Saat ini, dia berada ratusan ribu kaki jauhnya, tetapi bahkan pada jarak ini, raungan itu menghantamnya dengan kekuatan yang dahsyat. Suara letupan bergema saat esensi Wang Lin terlempar kembali ke tubuhnya. Wajah Wang Lin pucat dan dia terdorong mundur 10.000 kaki sebelum raungan itu menghilang. Darah mengalir dari sudut mulutnya. Kepala yang terbentuk dari kabut merah itu tampak meleleh sebelum kembali ke gunung.
“Itu Yi Si!” Wang Lin menatap puncak yang berkabut itu. Melalui koneksi di hatinya, dia sangat yakin!
“Sayangnya, meskipun aku telah membunuh banyak orang sebagai korban, itu belum cukup… Jika aku ingin mengendalikan makhluk ini, aku perlu membunuh satu kultivator kuat lagi!” Wang Lin mengerutkan kening sambil menatap gunung di depannya. Saat ia sedang merenung, ia melihat ke kejauhan.
“Itu dia…” Tubuh Wang Lin berkelebat dan menghilang saat ia bersembunyi.
Tak lama kemudian, cahaya keemasan menyambar dan sebuah pintu emas raksasa melayang. Di balik pintu itu duduk selir ketiga. Wajahnya pucat dan darah mengalir dari sudut mulutnya.
Ia menatap gunung di depannya dengan ketakutan di matanya. Ia tidak menyangka lapisan Makam Kuno ini memiliki sesuatu yang begitu menakutkan.
Ia mengertakkan giginya. Memanfaatkan momen ketika gunung itu tidak mengeluarkan raungan lagi, ia mengirimkan pesan.
“Wang Lin, aku tahu kau ada di sini! Aku tidak punya niat jahat. Aku percaya kekuatan dan mantraku dapat membantumu. Silakan muncul!”
Suasana di sekitarnya menjadi hening. Hanya gemuruh kabut di kejauhan yang terdengar.
Suara selir ketiga bergema. Setelah tidak melihat reaksi apa pun, ekspresinya meredup dan dia menggelengkan kepalanya. Pintu emas perlahan mundur dan dia siap untuk pindah ke lokasi lain untuk mencari Wang Lin.
Namun, tepat pada saat ini, kabut di gunung mulai bergemuruh dan bayangan samar itu tampak mengeluarkan raungan.
Di bawah raungan itu, dunia berubah warna dan lapisan riak tak terlihat bergema di udara. Bumi bergetar dan langit terdistorsi. Ekspresi selir ketiga berubah. Dia menggigit ujung lidahnya dan meludahkan darah ke pintu emas.
Pintu itu bersinar terang untuk menahan deru, tetapi dengan cepat runtuh. Wajah selir ketiga memucat dan dia segera mundur, lalu tangannya membentuk segel. Ada kilatan cahaya keemasan dan empat pintu emas lagi muncul.

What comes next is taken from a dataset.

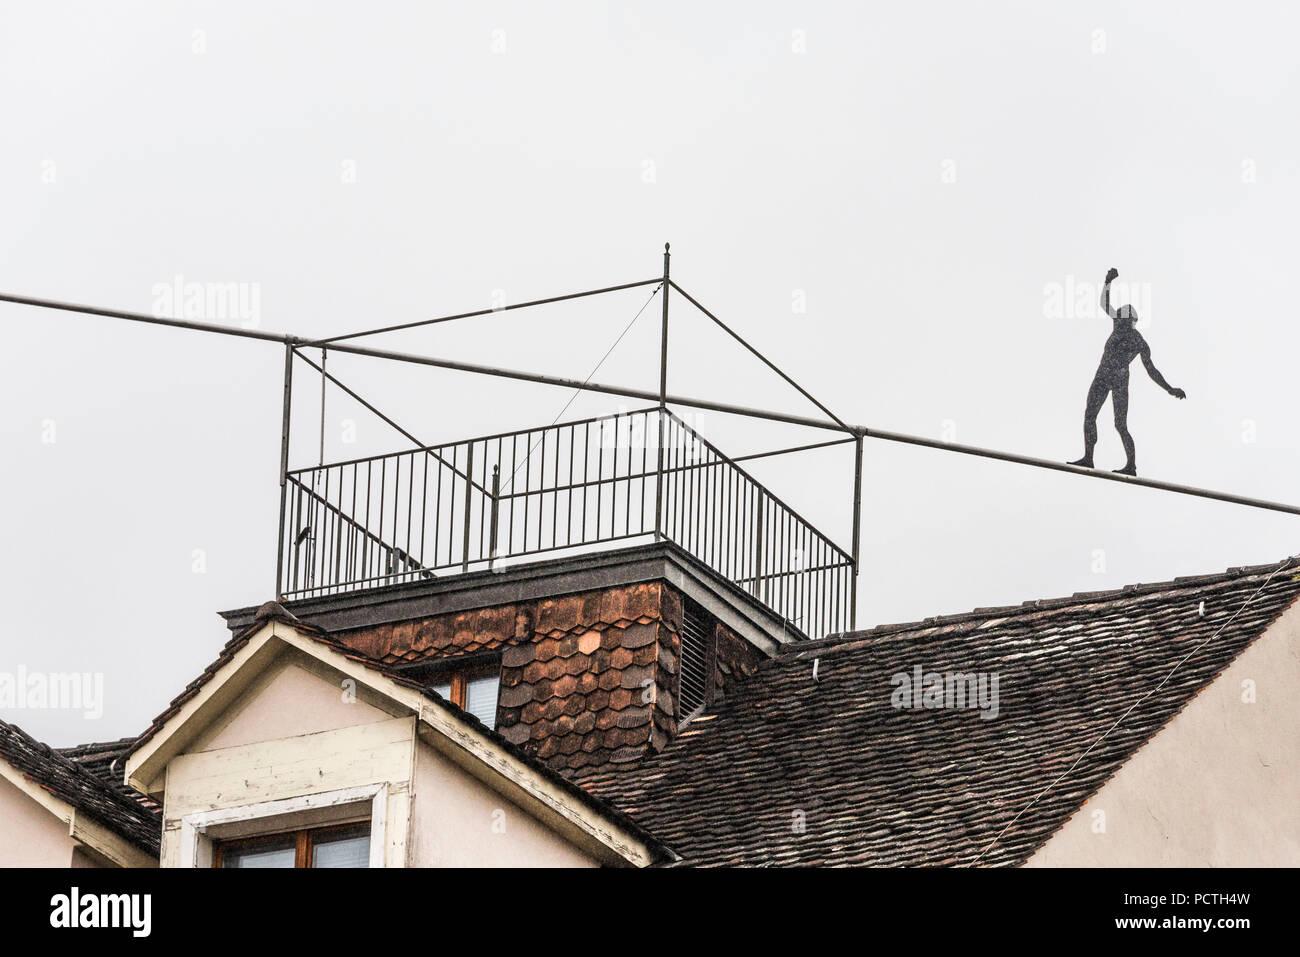 Tightrope walker above the city, Spalenberg, Basel, Canton Basel, Switzerland - Stock Image

Gemuruh menggema dan keempat pintu emas itu hancur satu per satu. Selir ketiga telah memanfaatkan waktu ini untuk mundur lebih dari 10.000 kaki. Dia hendak menggunakan mantra lain untuk menahan gelombang kejut yang tersisa ketika sebuah suara dingin terdengar.
“Mengapa kau mencariku?” Saat suara itu bergema, Wang Lin muncul di hadapan wanita itu. Dia melambaikan tangan kanannya ke belakang untuk menghalangi gelombang kejut. Tubuh Wang Lin cukup kuat untuk menahan gelombang kejut tingkat ini.
“Wang Lin!” Selir ketiga terkejut dan kegembiraan muncul di matanya, tetapi dia segera menyembunyikannya.
“Kau… Kau pernah membantuku di dalam Makam Kuno. Kali ini, aku ingin membantumu…”
“Tidak perlu, di sini berbahaya. Jangan tinggal di sini.” Wang Lin menatap dingin selir ketiga dan berbalik untuk pergi mencari jiwa kultivator kuat untuk dikorbankan.
“Aku… aku bisa membantumu!” Selir ketiga menggigit bibirnya dan mengangkat tangan kanannya. Ada untaian manik-manik emas di pergelangan tangannya. Manik-manik emas itu memancarkan cahaya lembut.
“Guruku memberiku ini. Ini bisa berubah menjadi tujuh pintu emas. Jika kau ingin memasuki gunung ini, benda ini bisa membantumu!”